Ansiedade e insónia, maleitas antigas que a idade e o ar dos tempos têm ajudado
a mitigar. Com a idade, a gente aprende a relativizar a gravidade dos
problemas. Com o ar dos tempos, cravejado de problemas, a gente vê-se na obrigação
de ficar selectivos e criteriosos, usando de esperteza para encontrar remédio
onde outros vislumbram aflição e motivo para angústia.
Por via de confinamentos, emergências e calamidades, recolhido no lar,
dei comigo a navegar num mar de especialistas que sobre tudo peroram e sobre
nada calam. Um que apareça a concluir “não sei”, e a gente alça as orelhas como
canídeo expectante. Não sabe? Como é possível? Hoje toda a gente sabe tudo. Que
raio, alguém assumir um pouco que seja de ignorância onde a genialidade, ao
contrário do bom senso, parece ser a coisa mais bem distribuída do mundo.
Portanto, em terra de génios quem ignora é rei. A ignorância ressuma
excepcionalidade.
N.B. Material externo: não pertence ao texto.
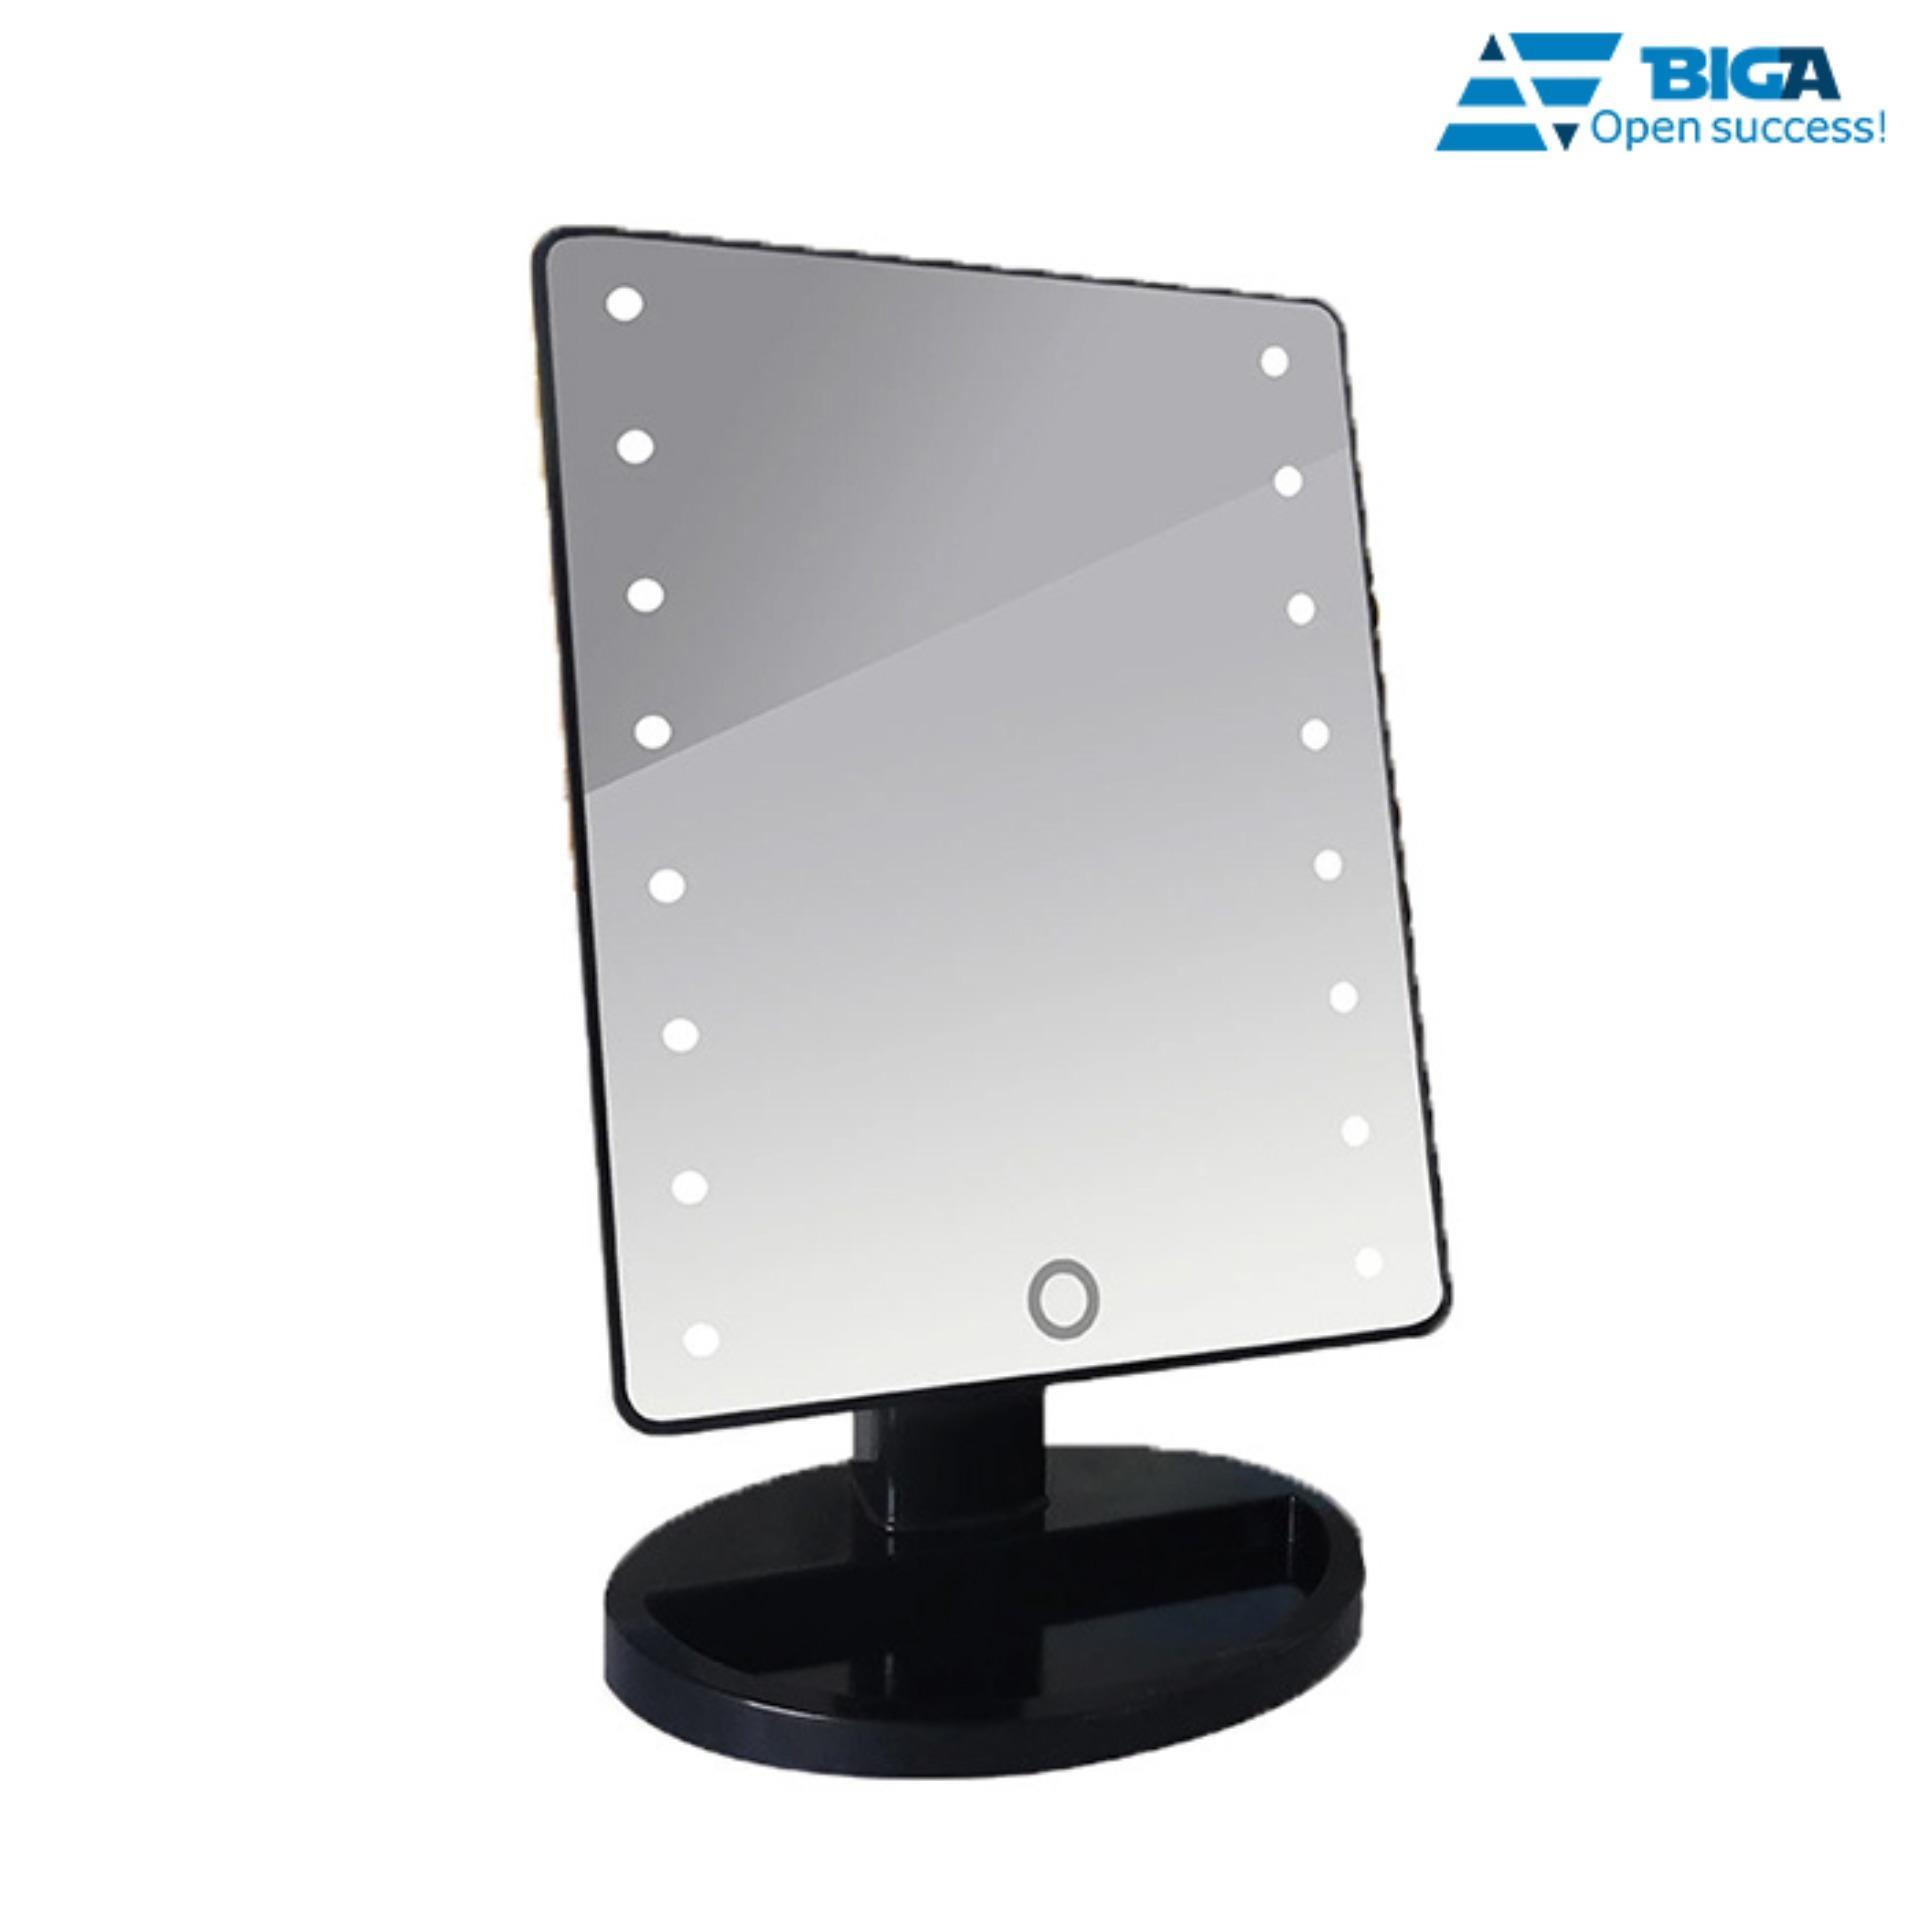 Gương Trang Điểm Đẳng Cấp Có Đèn 16 Led (Màu Sắc Ngẫu Nhiên) US05241 tốt nhất

Apercebi-me disto, pela primeira vez, quando era livreiro,
tantos os pais e as mães e os tios e as tias que me pediam sugestões para os
seus meninos. Questionados sobre a idade dos petizes, lá vinha o “mas”
sublinhando espantosas qualidades: 5 anos, mas muito desenvolvido para a idade;
8 anos, mas já parece que tem 15; 15 anos, mas de uma maturidade inaudita. Como
podia eu saber, ou sequer imaginar, ser este um país de gente sobredotada? A
gente olha à volta e não se nota, vê-se ao espelho e foge.
«Quantos deve haver no mundo que fogem de outros porque não se vêem a si
mesmos!», exclamava o bom Lazarinho de Tormes. E com razão. Quase 500 anos
passados sobre as desventuras desse maltrapilho, eis-nos chegados ao Portugal
dos tudólogos. São uma bênção, um conforto para a alma dos néscios e um consolo
para o espírito dos estúpidos. Inda há dias, contava a um bom amigo, cozinheiro
de profissão, dos efeitos benditos que fui descortinar na melhor das tisanas, a
programação de tudologia disseminada por 500 canais televisivos ao dispor de precatados
cidadãos. Até o Porto Canal tem os seus. Não lhes fixei o nome, que para tais
fármacos as farmácias não exigem receita detalhada, mas há por lá um rapaz, que
aparecia a comentar bola e agora aparece a comentar tudo, que é tiro e queda. Mal
o escuto, ferro-me a dormir.
Entre ancestrais e anciãos, os do “Eixo do Mal” poupam-me milhares em
benzodiazepinas. Aurélio, Oliveira, Marques Lopes, Luís Pedro Nunes e Clara
Ferreira Alves? Benza-os Deus e todos os santinhos. Não os escuto há 10 minutos,
já a mulher fecha a porta da sala para não me ouvir roncar. Em bom rigor, acordo
assim que os ditos se calam, as vozes dos tudólogos devem produzir um feitiço
qualquer, são um poderoso soporífero pelo qual devemos sentir-nos agradecidos.
Não sei se curam covid-19, embora tudo saibam acerca do tema, mas insónias
curam. Sou a prova factual disso mesmo. A família não me deixa mentir. Se me
queixo de sono, noites mal dormidas, buscam na box um desses programas e
abandonam-me na sala, deitado na sofá, como a um viciado numa casa de ópio.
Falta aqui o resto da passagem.